International
Tables for Crystallography Volume F Crystallography of biological macromolecules Edited by M. G. Rossmann and E. Arnold © International Union of Crystallography 2006 |
International Tables for Crystallography (2006). Vol. F. ch. 23.2, pp. 579-580
|
An early review of protein–carbohydrate interactions revealed several atomic level interactions that continue to appear ubiquitously in the structures of protein–carbohydrate complexes (Quiocho, 1986). A generic cyclic sugar in mono- or oligosaccharides appears to be recognized as a disc that displays two flat non-polar surfaces surrounded by a ring of polar hydroxyls. Proteins recognize these features by hydrogen bonding to the ring of polar hydroxyls while stacking flat aromatic side chains against the non-polar disc faces.
Cooperative hydrogen bonding, where the hydroxyl group of a carbohydrate participates as both a donor and acceptor of hydrogen bonds, is often observed in the direct interactions between proteins and carbohydrate ligands (Fig. 23.2.2.1). The sp3-hybridized oxygen atom of a carbohydrate hydroxyl may act as both an acceptor of two hydrogen bonds through the two lone pairs of electrons as well as a donor of a single hydrogen bond. Cooperative hydrogen bonding generally follows a simple pattern in which the carbohydrate hydroxyl accepts a hydrogen bond from a protein amide group while simultaneously donating a hydrogen bond to a protein carbonyl oxygen. Hydrogen bonding to protein hydroxyl groups is observed only infrequently. This pattern is thought to be a result, in part, of the entropic cost of fixing a freely rotating protein hydroxyl group while simultaneously fixing the ligand hydroxyl group. Amides and carbonyls are usually fixed in a planar geometry and thus do not require as much energy to compensate for their loss of entropy in ligand binding.

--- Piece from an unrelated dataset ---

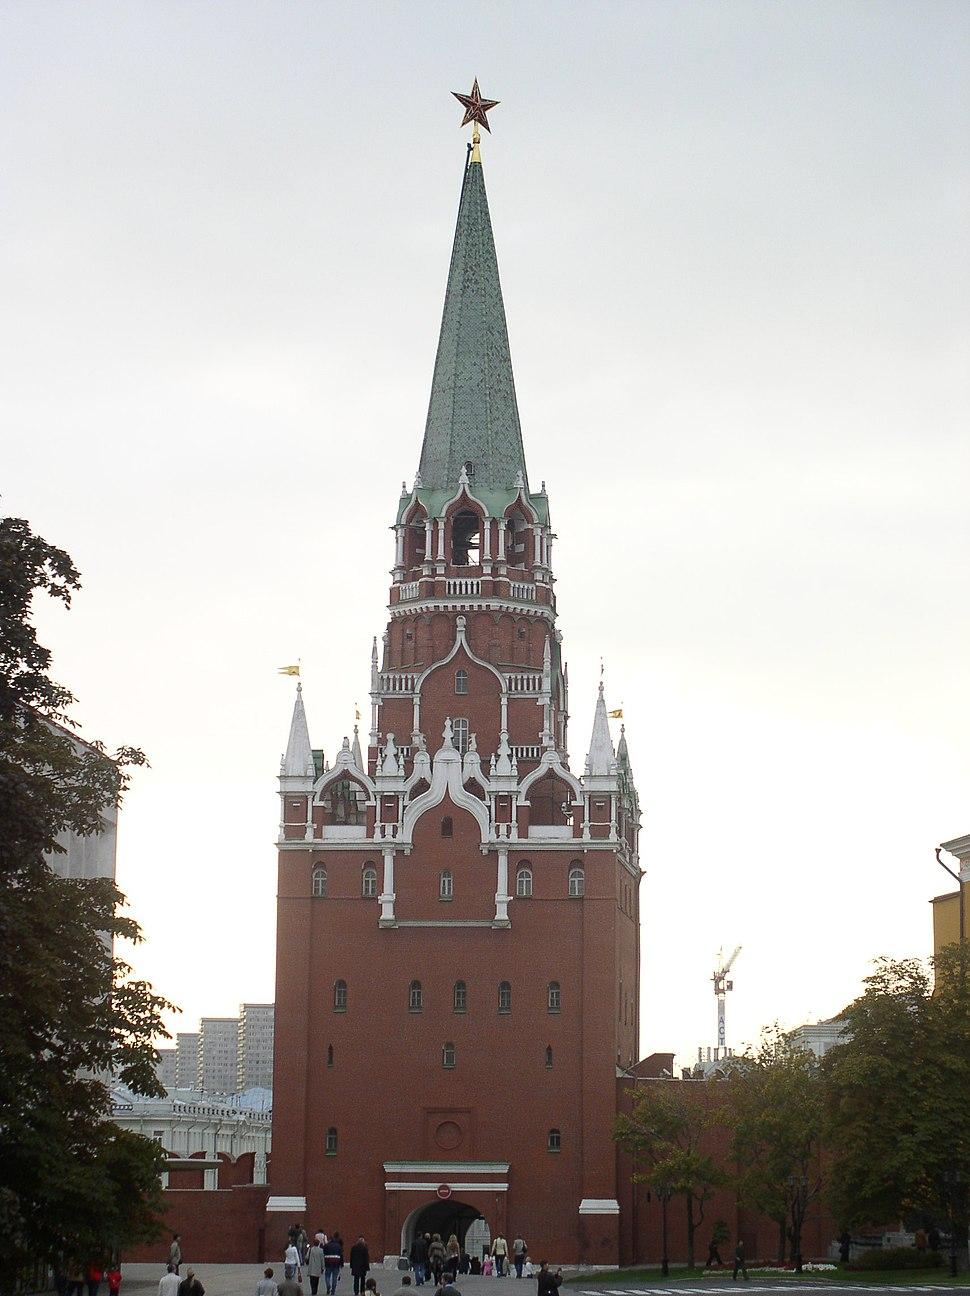 Russia-Moscow-Kremlin-Trinity Tower-1

The vicinal hydroxyl groups of carbohydrates provide an ideal geometry for the formation of `bidentate' hydrogen bonds, where the pair of hydroxyls interacts with two functional groups of a single amino-acid side chain or the main-chain amide groups of two consecutive residues (Fig. 23.2.2.1). These interactions occur when the adjacent carbohydrate hydroxyls are either both equatorial, or one is equatorial and the other axial. The interatomic distance for the carbohydrate hydroxyl oxygens is ∼2.8 Å in these cases, allowing for a bidentate interaction with the planar side chains of aspartate, asparagine, glutamate, glutamine and arginine. Bidentate hydrogen bonds have not been observed for consecutive axial hydroxyls where the oxygen–oxygen distance increases to ∼3.7 Å.
Carbohydrates often present a disc-like face of non-polar aliphatic hydrogen atoms which proteins recognize through the use of aromatic side chains. The protein aromatic groups are `stacked' on the flat face of the carbohydrate, thus generating both specificity and binding energy through van der Waals interactions. Tryptophan, the aromatic amino acid with the largest surface area and highest electronegativity, is the most common side chain employed in van der Waals `stacking' with carbohydrates. The infrequent use of aliphatic groups in the binding of the non-polar carbohydrate faces suggests that the aromatic moieties are employed in a specific manner. The electron-rich electron clouds of the aromatic side chains may provide a strong electrostatic interaction with the aliphatic carbohydrate protons that could not be satisfied by protein aliphatic groups. The anionic character of aromatic side chains is observed in a number of protein–intramolecular (Chapter 22.2
) and protein–ligand interactions (see below).